- Born: November 1963 (age 62) Derge, Kham, Eastern Tibet

= Sherab Zangpo =

Khenpo Sherab Zangpo is a venerable lineage master of the Great Perfection, whose root teacher is late Khenpo Jigme Phuntsok, the founder of the world's largest Buddhist institute Larung Gar Buddhist Institute of Five Sciences in China. His principal Dharma Center is located in Derge of Eastern Tibet (Kham).

==Biography==
Born in 1963 to a nomadic family in Derge of Kham, Khenchen Sherab Zangpo received his Buddhist education at a very young age from several accomplished masters in the region. At age 13, he studied Buddhist chanting and rituals at Derge's Tashi Monastery under abbot Tulku Genning's tutelage. At 17 Khenchen received the instructions from Dzogchen master Khenpo Tsewang Jigme on the initial stage of and leading practices of Dzogchen.

In 1984, at 21, Khenchen Sherab Zangpo received the full as well as novice ordination. In the same year, he went to Larung Buddhist Institute of Five Sciences and became a close student of Jigme Phunstok Rinpoche. Having received his khenpo degree in 1987, he followed Rinpoche's advice to teach at Larung. Since 1990 he has also been presiding over Larung's administrative affairs.

During the Kalachakra ceremonial gathering held at Larung in 1986, Jigme Phuntsok Rinpoche prophesied that Khenchen Sherab Zangpo, together with his other three principal students, would become the lineage holders and spreaders of the Nyingma school. On a pilgrimage to Mount Wutai one year later, Khenchen Sherab Zangpo received the oral transmission of Dzogchen from Rinpoche. Khenchen had been with Rinpoche for 21 years until his death and has received his entire lineage.
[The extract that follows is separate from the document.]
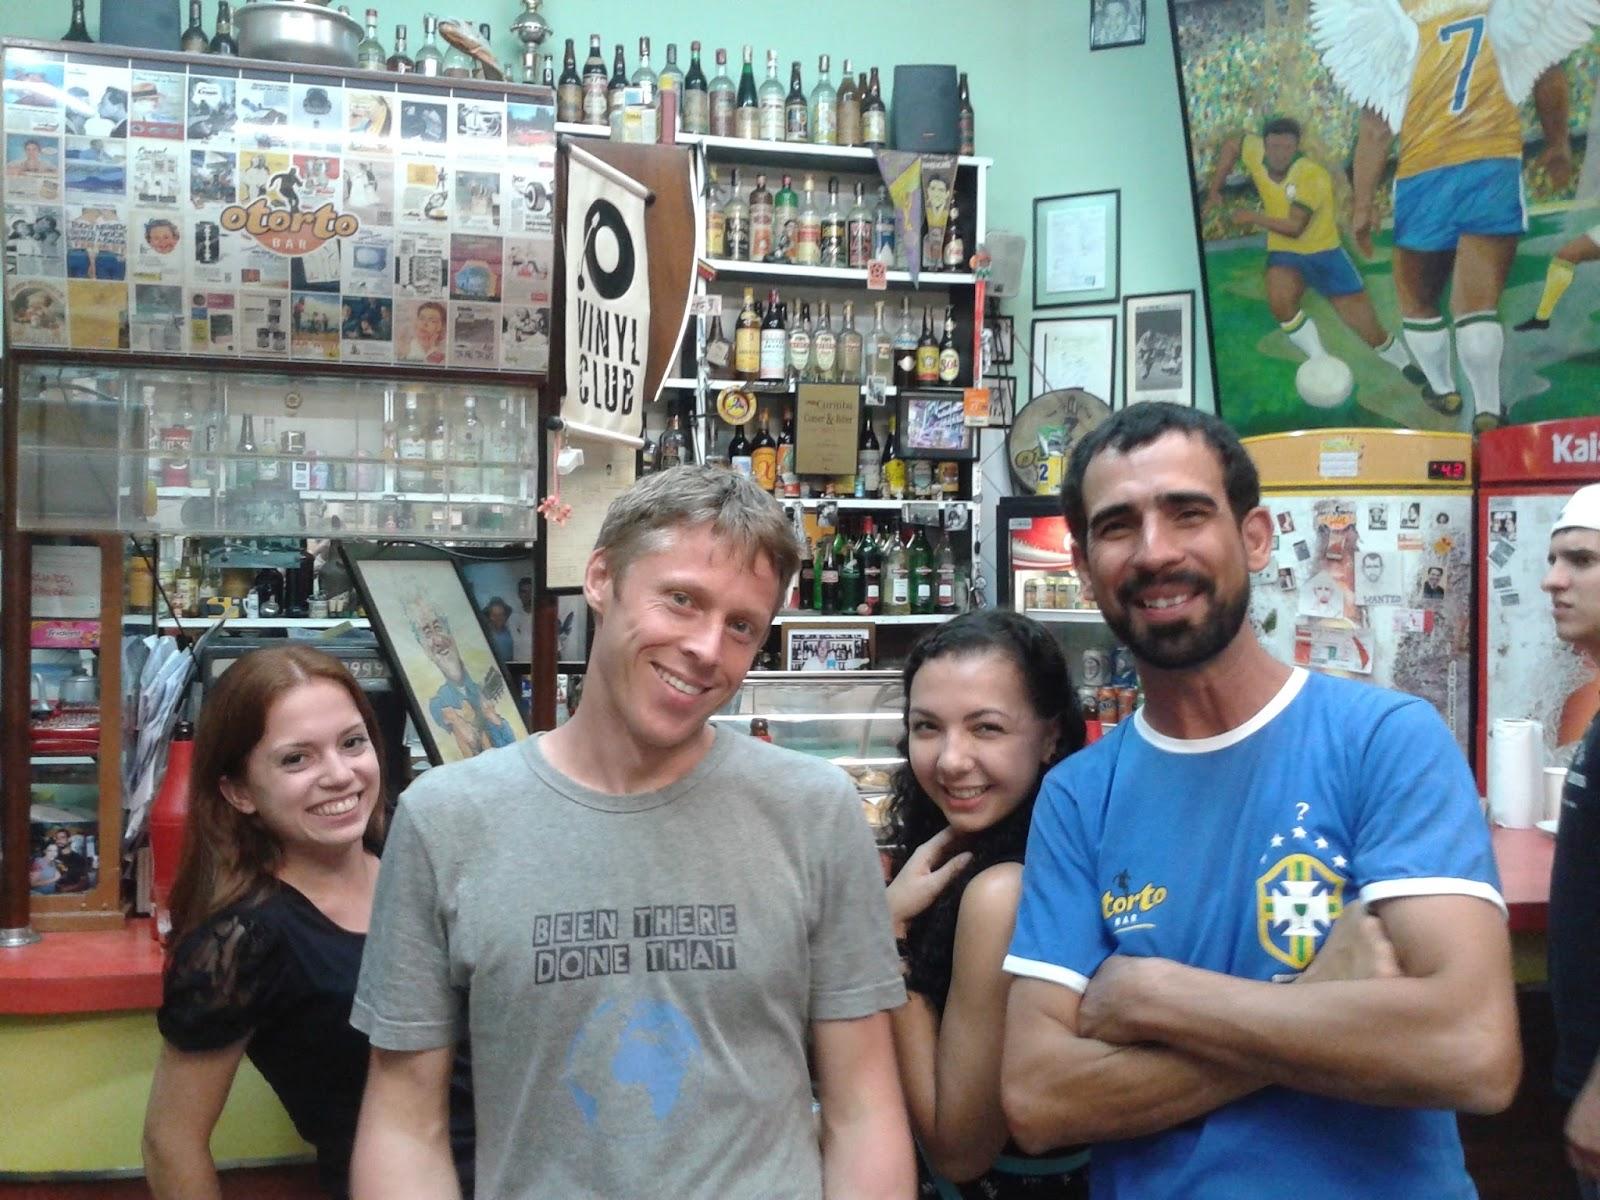 Gunnar Garfors no Brasil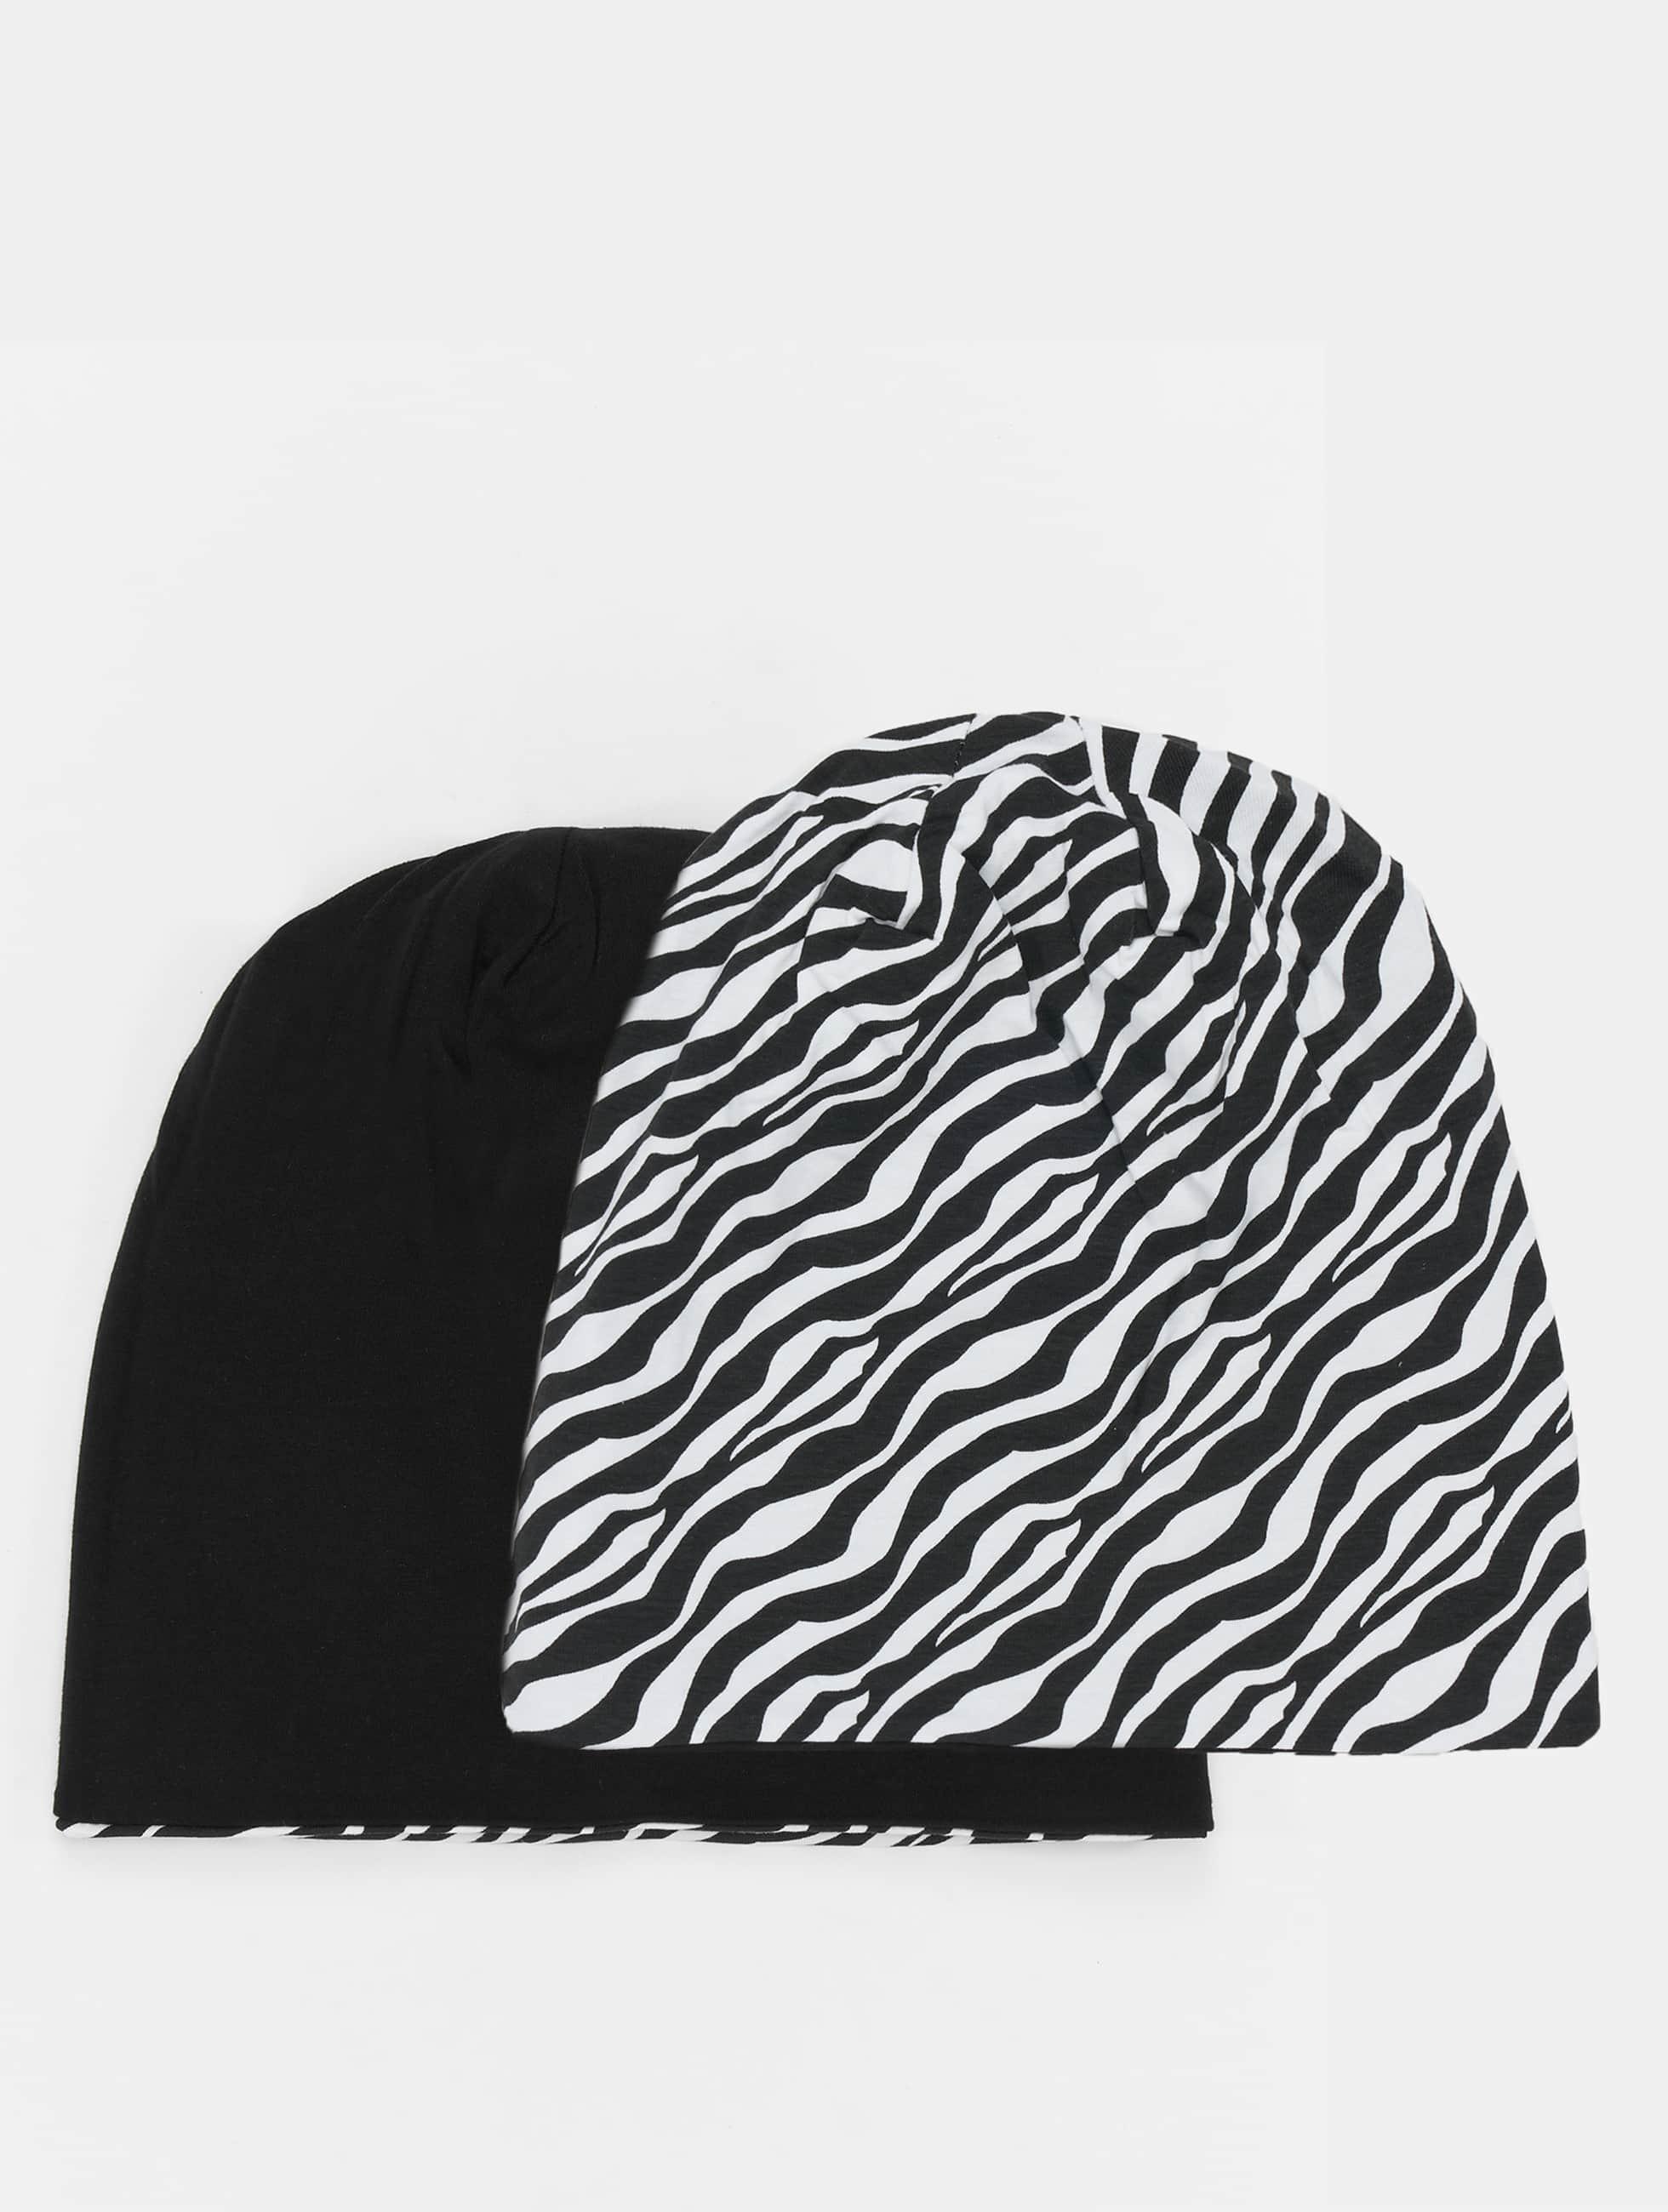 MSTRDS шляпа Printed Jersey черный

In 1994, Khenchen Sherab Zangpo set up Tashi Triling and, subsequently, its affiliated old people's house and hospital near his birthplace to aid the locals and support monastic education.

from his Dharma activities in the Tibetan region, Khenchen Sherab Zangpo teaches Buddhist Dharma, guides group practices and promotes animal life-release practice in both China's Han region as well as overseas.

==Works==

- The Path: A Guide to Happiness
 Paperback: 224 pages; Publisher: Wisdom Publications
 (December,2017); ISBN 9781614294153
- Seeing the World through Buddhism
 Paperback: 321 pages; Publisher: CHINA CITIC PRESS
 (August __, 2014); ISBN 9787508646978
- How to Play Your Life
 Paperback: 255 pages; Publisher: SINO-CULTURE PRESS
 (August __, 2013); ISBN 9787507540512
- The Way to Inner Tranquility
 Paperback: 357 pages; Publisher: BEIJING WORLD PUBLISHING CORPORATION
 (February __, 2012); ISBN 9787510044229
- The Path
 Paperback: 280 pages; Publisher: China Hainan Press
 (March __, 2011); ISBN 9787544334792

==Tashi Triling==
Tashi Triling is a Buddhist Dharma center located in Derge of the Tibetan Kham region. The Tibetan words Tashi Triling literally mean “the land of an auspicious throne”, as the sacred mountain of Hayagriva where the center has the shape of a throne. The center is surrounded by stunning peaks, lush trees and clear rivers, which is ideal for Dharma study and spiritual practice.

The center houses the Guru Renpoche Hall, the Mandala Palace of Zangdoc Palri, the Manjushri Hall, the Memorial Hall of the late Khenpo Jigme Phuntsok, the Vajrasattva Palace, various prayer wheels and other sacred objects and representatives. It is one of the main dharma centers where Khenpo Sherab Zangpo teaches and has his own retreat.